I recently went to Michigan for a week-long visit and took the train back to Kansas. There was a lot of catching up with family, but there was also a lot of down time that could easily have been converted to art time.

  • Early morning hours before activities begin
  • Quiet moments as the day winds down
  • I woke up to snow one morning. The perfect time for quick sketches.
  • My family lives in the country. I live in town, so there were all kinds of natural subjects everywhere I turned. Trees alive and dead, water, farm buildings, the sky. . .

Landscape with a river and trees in fog

Then came the return to Kansas.

The train trip should have been under twenty hours, including a three-hour layover in Chicago. Mechanical difficulties on the first leg of the trip stretched a three-hour ride into a six-hour trip. The train moved at about half speed with frequent slow-downs and stops along the way. Lots of scenery I may never see again just waiting to be sketched. Some of the stops were long enough for full-color drawings.

Delays on the first leg of the trip resulted in an unplanned overnight stay in Chicago. In an upscale hotel. On the 21st floor with a view (albeit limited) of Lake Michigan.

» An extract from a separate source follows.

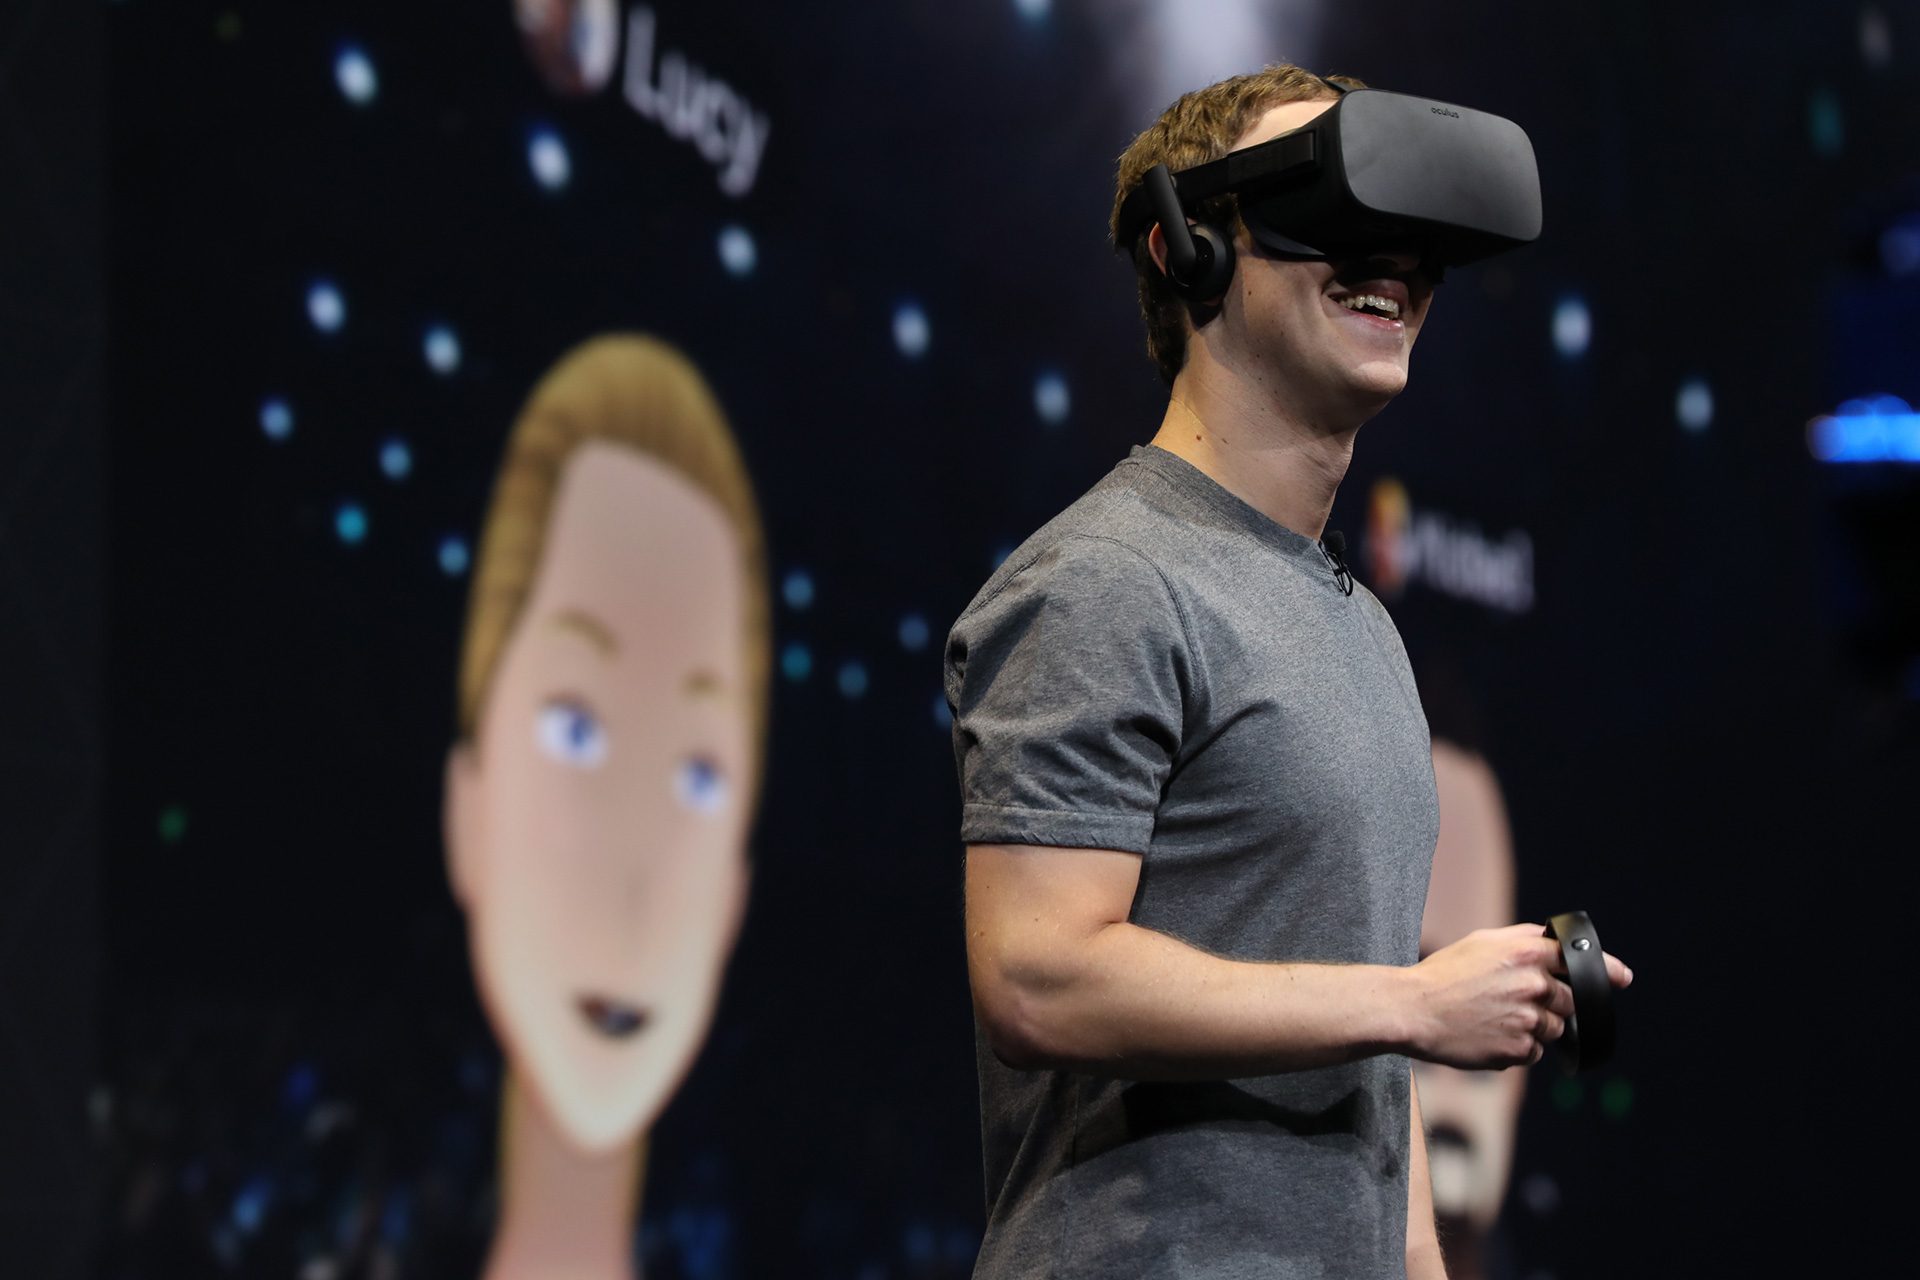 Facebook acquires virtual reality headset maker Oculus Rift for $2bn

Tall, gleaming buildings all around. The lake stretching away to the horizon. The evening to myself. In other words, the perfect opportunity to make art of some kind.

Chicago skyline and views of water

Before the train left the next day, I had a two- to three-hour wait in the boarding lounge at Union Station. There literally thousands of potential sketches throughout that facility.

The second leg of the trip went more smoothly, but was still long enough to provide ample time for sketching what I saw outside the windows during daylight hours and what was all around me inside the coach after dark.

Bottom line? There are a ton of sketching opportunities for the artist who travels with his or her art eyes open.

Try an art journal

Art journals are great ways to document all kinds of events, including travel. Even if you don’t plan to do any serious artwork while traveling, it’s worthwhile to consider doing an art journal to document the trip and keep your artistic self motivated.

What’s that you say? You don’t keep an art journal? Then travel is a perfect time to try art journaling! You don’t have to spend a lot of money to begin, because all you need is a small drawing pad or notebook to draw in and something to draw with.

Travel journal with markers and pens beside it

Don’t like pencils? Try markers or pens. I’ve used ball point pens for sketching when I had nothing else to use. Ordinary ball point pens make for great on-the-spot sketching and journaling.

Stay “art-ready” while traveling

The most important part of traveling with art is to always be prepared. Whatever your medium, be prepared to travel on the spur of the moment. Keep a field kit ready so you can grab it and go when the opportunity presents itself.

My field kit (shown below) is kept handy for quick trips and long ones. Combined with the ball point pens I keep in my purse, I’m equipped to sketch anywhere at any time with a minimum of fuss.

And artist field kit - colored pencils, sketchpad and graphite pencil.

For more info, read 11 Must Have Items for Your Colored Pencil Field Kit.

The key is to train yourself to include it when you pack. That trip to Michigan I mentioned earlier? It happened so quickly that I forgot my field kit. All the tips I’ve just shared with you come from the unpleasant realization that I missed a ton of drawing opportunities. Don’t make the same mistake!